What did Jac do to collect all those thousands of “likes” in one go? He talked about a purchase made with Amazon. As if he had sent an open letter to Jeff Bezos, the richest man in the world, and his army of postmen. A delicate and mocking letter that goes something like this: “Dear Amazon, I bought a toilet seat because I need it. Necessity, not desire. I do not collect. I’m not a toilet seat fetishist. And no matter how many times you write to me, I think I will resist the temptation to buy another one. ”

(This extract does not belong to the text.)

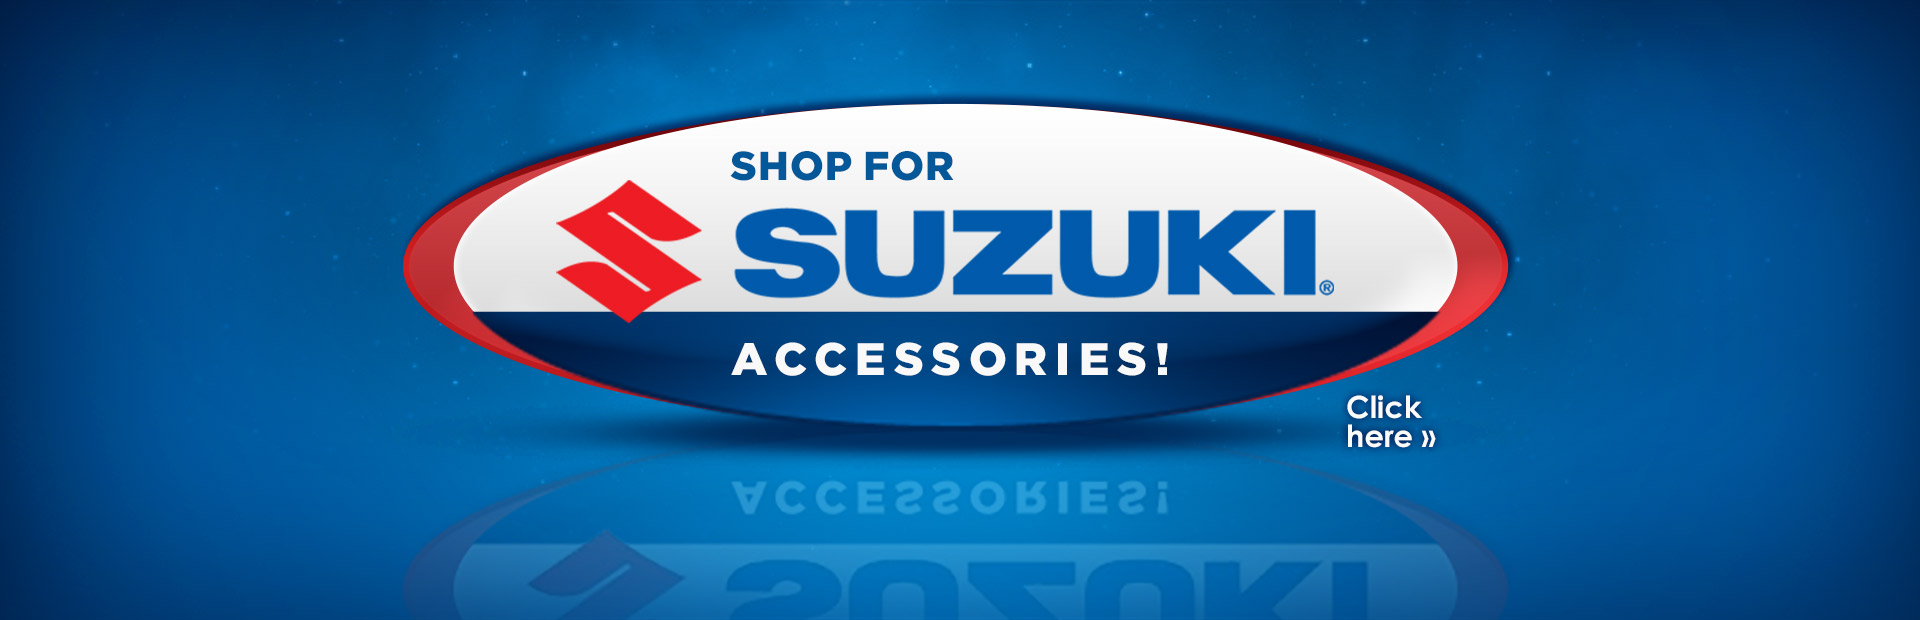 Click here to shop for Suzuki accessories!

This message, started from the @GirlFromBlupo profile , generated a wave of comments. The people of the Net en masse (and a little bit outraged) engrossed in telling tragicomic experiences about the so-called “programmatic advertising”, that thing based on the law of algorithms that allows sellers to record our purchases (and our research) on the Internet. And to come back to look for us, kindly understand, as did the Lieutenant Columbus with his unfortunate suspects. For someone it is a bland and daily form of “digital spying”, for others it is a convenience, even a demonstration of affection towards customers. It happens, after an online purchase, that an object becomes an instrument of persecution. Also via email, as happened to Jacqueline Rayner. Seen how do you become famous? “I also told my mother and she replied:” So everyone will know that even a notoriously unfamiliar person like you is able to screw a bathroom axis “.

The most incredible things have arrived via twitter. «Rosiebita» tells the story of the urn for the ashes of the mother (an object that perhaps should not be purchased online): «For months Amazon has continued to write the typical messages,” if you liked that, maybe you’ll like it too this””. And another funeral urn, in case of breaking of the first or of the departure of another loved one. “At first I was a bit ‘taken, then I thought that my mother would have laughed to tears. A certain Amy said that after the wedding she and her husband (always the same) continued to receive offers of objects for the wedding ceremony. The conversation has also turned on the object «water axis», on the various more or less fanciful versions that exist on the market. Someone reminded a Texas man who last year sold his collection of 1300 hand-decorated boards. Perhaps a lover of the subject, certainly not a reluctant client like Jacqueline Rayner.”